2. System clock configuration (in stm32f1xx_hal_rcc.c)
Structure:
ClockType: set the types SYSCLK, HCLK, PCLK1 and PCLK2 (all are set here)
SYSCLKSource: selection of system clock source HIS, HSE and PLL (here PLL)
AHBCLKDivider: AHB frequency division coefficient (no frequency division)
APB1CLKDivider: APB1 frequency division coefficient (2 frequency division)
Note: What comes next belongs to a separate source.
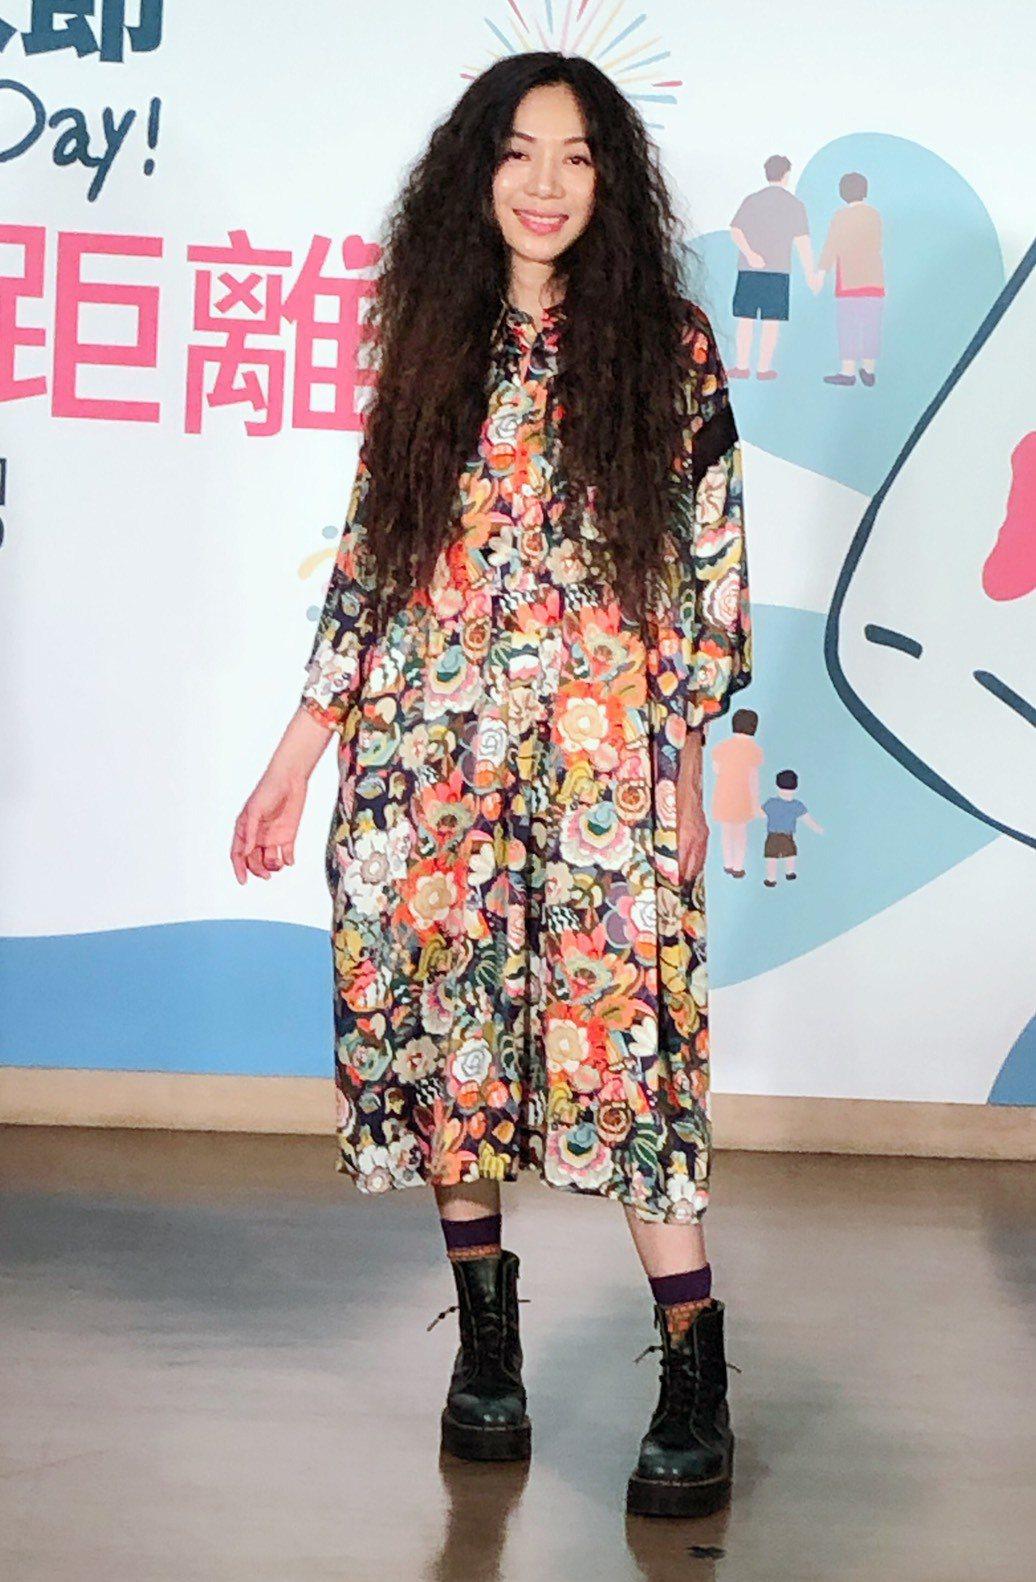 萬芳14日身穿花洋裝出席「2020大稻埕情人節」活動記者會。記者許晉榮/攝影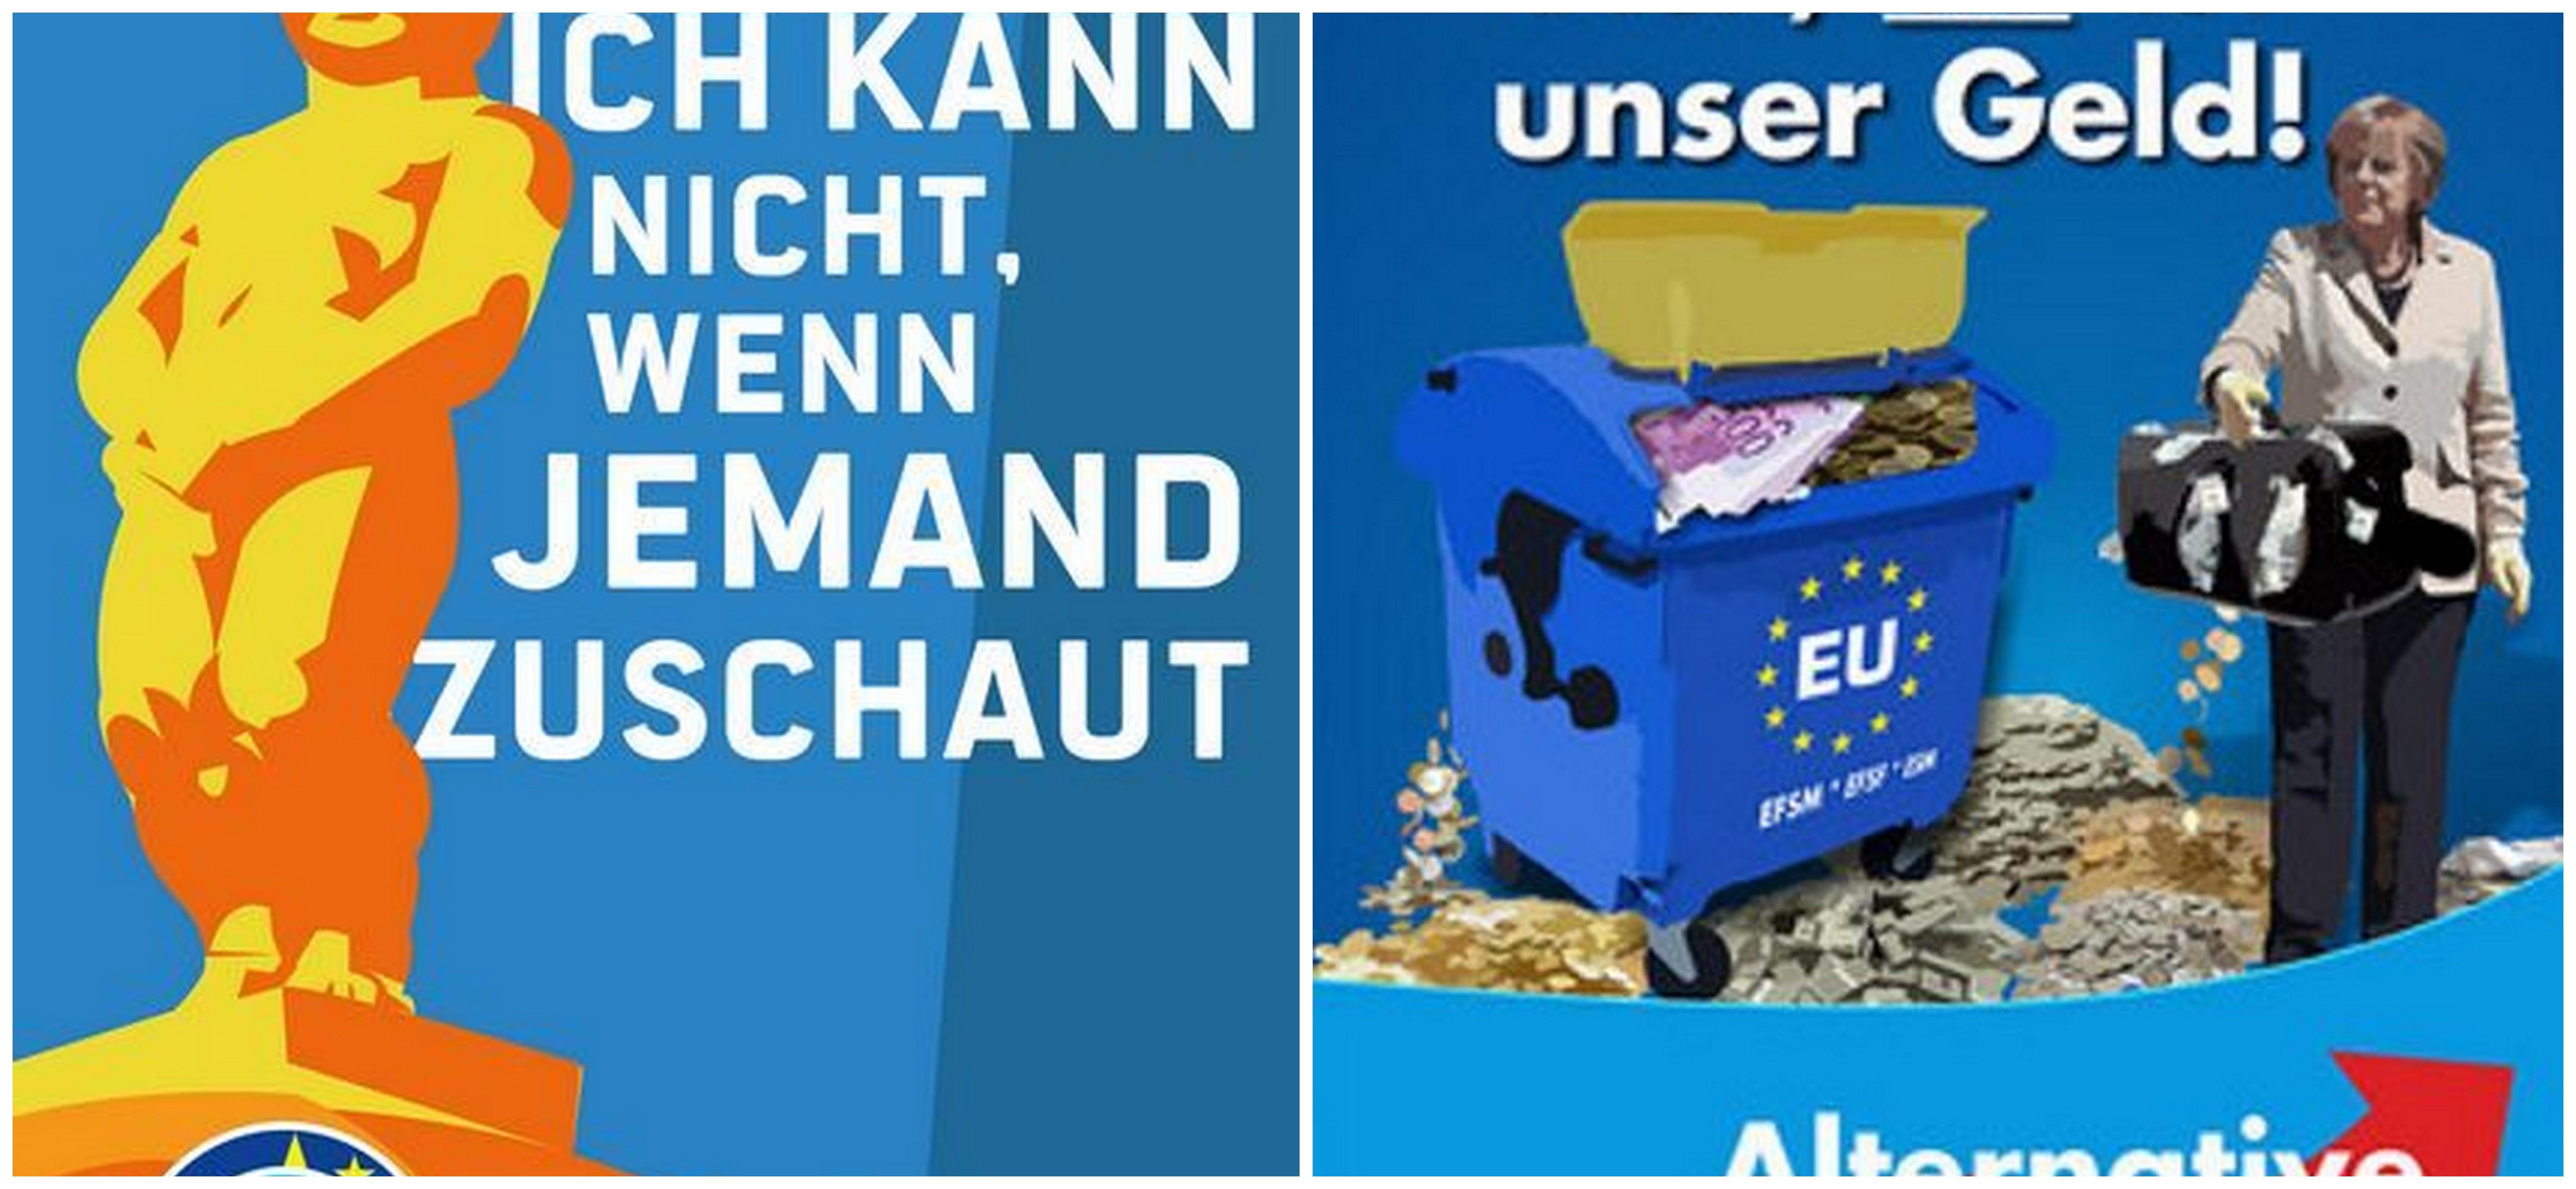 élections_allemandes_é

APB2CLKDivider: APB2 frequency division coefficient (no frequency division)
Initialization function:
The first parameter is the upper structure, and the second parameter is the waiting cycle of Flash (it needs to be set to two cycles)
By initializing the return status of the function, wait for the setting to complete.
Source code: here is the key part selected by Shuai. See the source code in detail.
void SystemClock_Config(void)
{
RCC_OscInitTypeDef RCC_OscInitStruct={0};
RCC_ClkInitTypeDef RCC_ClkInitStruct={0};
RCC_OscInitStruct.OscillatorType = RCC_OSCILLATORTYPE_HSE; //Configure HSE
RCC_OscInitStruct.HSEState = RCC_HSE_ON; //HSE clock on
RCC_OscInitStruct.HSEPredivValue = RCC_HSE_PREDIV_DIV1; //HSE non frequency division
RCC_OscInitStruct.PLL.PLLState = RCC_PLL_ON; //PLL enable
RCC_OscInitStruct.PLL.PLLSource = RCC_PLLSOURCE_HSE; //PLL clock source HSE
RCC_OscInitStruct.PLL.PLLMUL = RCC_PLL_MUL9; //PLL 9 frequency doubling
while(HAL_RCC_OscConfig(&RCC_OscInitStruct)!=HAL_OK); //Wait for PLL, HSE completion
RCC_ClkInitStruct.ClockType = RCC_CLOCKTYPE_SYSCLK|RCC_CLOCKTYPE_HCLK|RCC_CLOCKTYPE_PCLK1|RCC_CLOCKTYPE_PCLK2; //Configure SYSCLK
RCC_ClkInitStruct.SYSCLKSource = RCC_SYSCLKSOURCE_PLLCLK; //SYSCLK select PLLCLK
RCC_ClkInitStruct.AHBCLKDivider = RCC_SYSCLK_DIV1;
RCC_ClkInitStruct.APB1CLKDivider = RCC_HCLK_DIV2;
RCC_ClkInitStruct.APB2CLKDivider = RCC_HCLK_DIV1;
while(HAL_RCC_ClockConfig(&RCC_ClkInitStruct, FLASH_LATENCY_2)!=HAL_OK){};
}
7. Experimental results
After commenting out the original system clock initialization, it will be found that the software delay flashing LED flashes very slowly.
After the system clock is configured to 72MHz, the LED flashes very fast.